Eckert, E. D., Heston, L. L., & Bouchard, T. J. (1981). MZ twins reared apart. Preliminary findings of psychiatric disturbances and trait. In L. Gedda, P. Paris, & W. D. Nance (Eds.) Twin research (Vol. 1). New York: Alan Liss.

Gray, P. (1994) Psychology, 2nd ed. New York: Worth.

Kirmayer, L. J. (1991). The place of culture in psychiatric nosology: Taijin kyofusho and DSM-III-R. The Journal of Nervous and Mental Disease, 179, 19-28.

Kleinknecht, R. A. (1982). The origins and remission of fear in a group of tarantula enthusiasts. Behaviour Research & Therapy, 20, 437-443.

Kleinman, A. (1988). Rethinking psychiatry. New York: Macmillian.

Lefton, L.A. (1997) Psychology, 6th ed. Boston: Allyn & Bacon.

McNally, R. J. (1987). Preparedness and phobias: A review. Psychological Bulletin, 101, 283-303.

McNally, R. J. (1990). Psychological approaches to panic disorder: A review. Psychological Bulletin, 108, 403-419.

Mineka, S. (1985). The frightful complexity of the origin of fears. In F.R. Brush & J. B. Overmier (Eds.), Theoretical foundations of behavior therapy (pp. 81-111). New York: Plenum.

Mineka, S., Cook, M., & Miller, S. (1984). Fear conditioned with escapable and inescapable shock: The effects of a feedback stimulus. Journal of Experimental Psychology: Animal Behavior Processes, 10, 307-323.

Ost, L.-G. & Hugdahl, K. (1981). Acquisition of phobias and anxiety response patterns in clinical patients. Behaviour Research and Therapy, 19, 439-447.

Seligman, Martin E. P. (1971). Phobias and preparedness. Behavior Therapy, 2, 307-320.

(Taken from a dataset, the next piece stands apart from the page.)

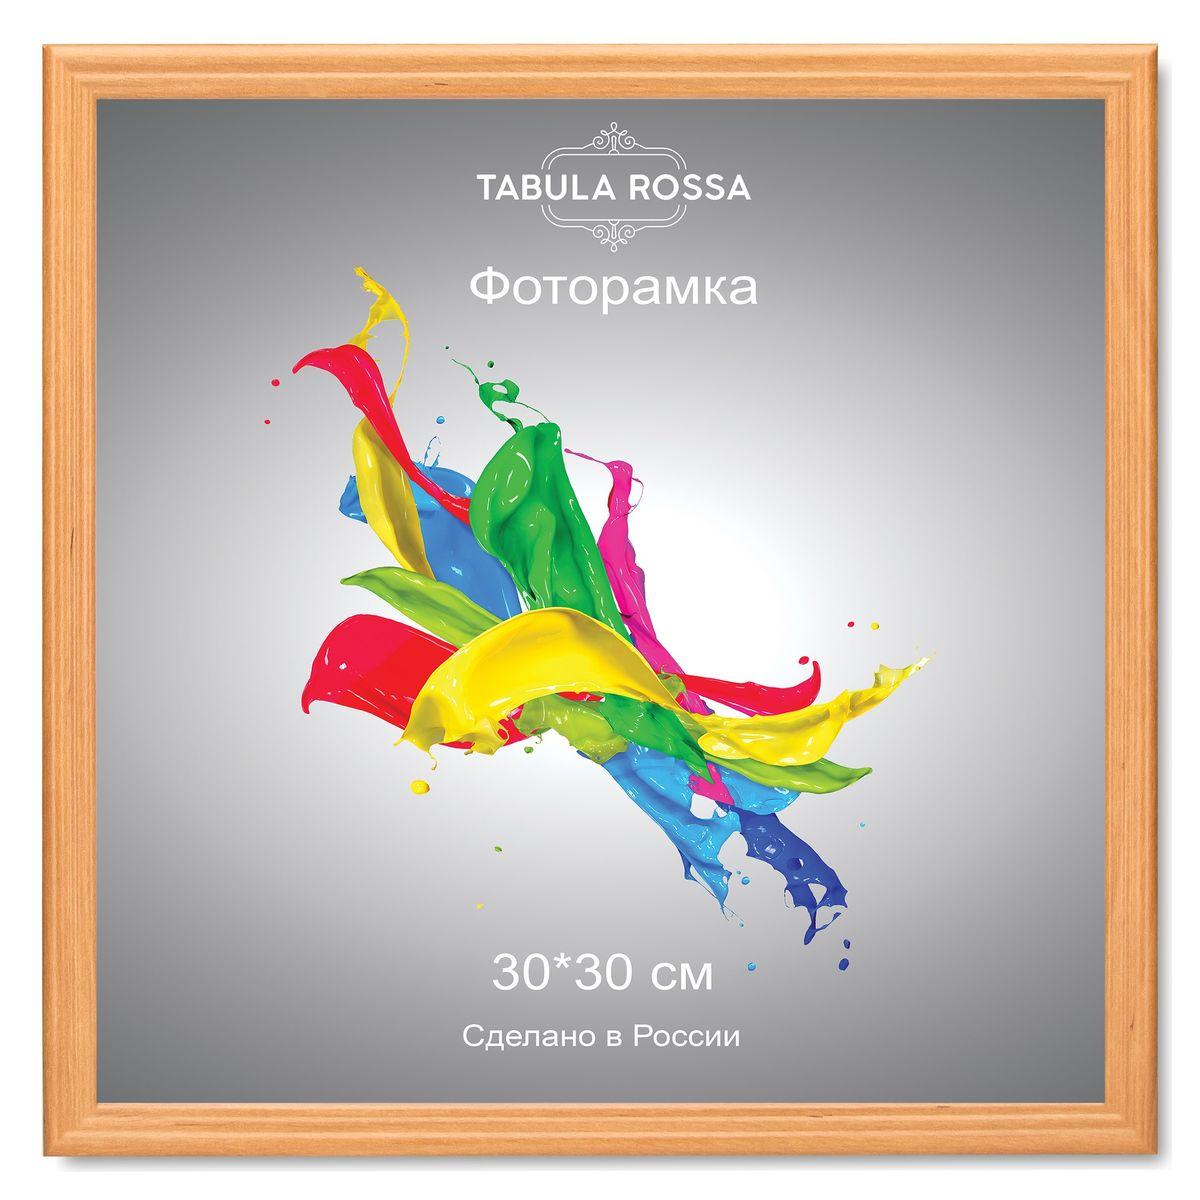 Фоторамка Tabula Rossa, цвет: ольха, 30 х 30 см. ТР 5140ТР 5140Фоторамка Tabula Rossa выполнена в классическом стиле из высококачественного МДФ и стекла, защищающего фотографию. Оборотная сторона рамки оснащена специальной ножкой, благодаря которой ее можно поставить на стол или любое другое место в доме или офисе. Также изделие дополнено двумя специальными креплениями для подвешивания на стену. Такая фоторамка не теряет своих свойств со временем, не деформируется и не выцветает. Она поможет вам оригинально и стильно дополнить интерьер помещения, а также позволит сохранить память о дорогих вам людях и интересных событиях вашей жизни.

Webb, K., & Davey, Graham C. L. (1993). Disgust sensitivity and fear of animals: Effect of exposure to violent or revulsive material. Anxiety, Coping and Stress, 5 329-335.

Williams, S. L., Kinney, P.J., & Falbo, J. (1989). Generalization of therapeutic changes in agoraphobia: The role of perceived self-efficacy. Journal of Consulting and Clinical Psychology, 57, 436-442.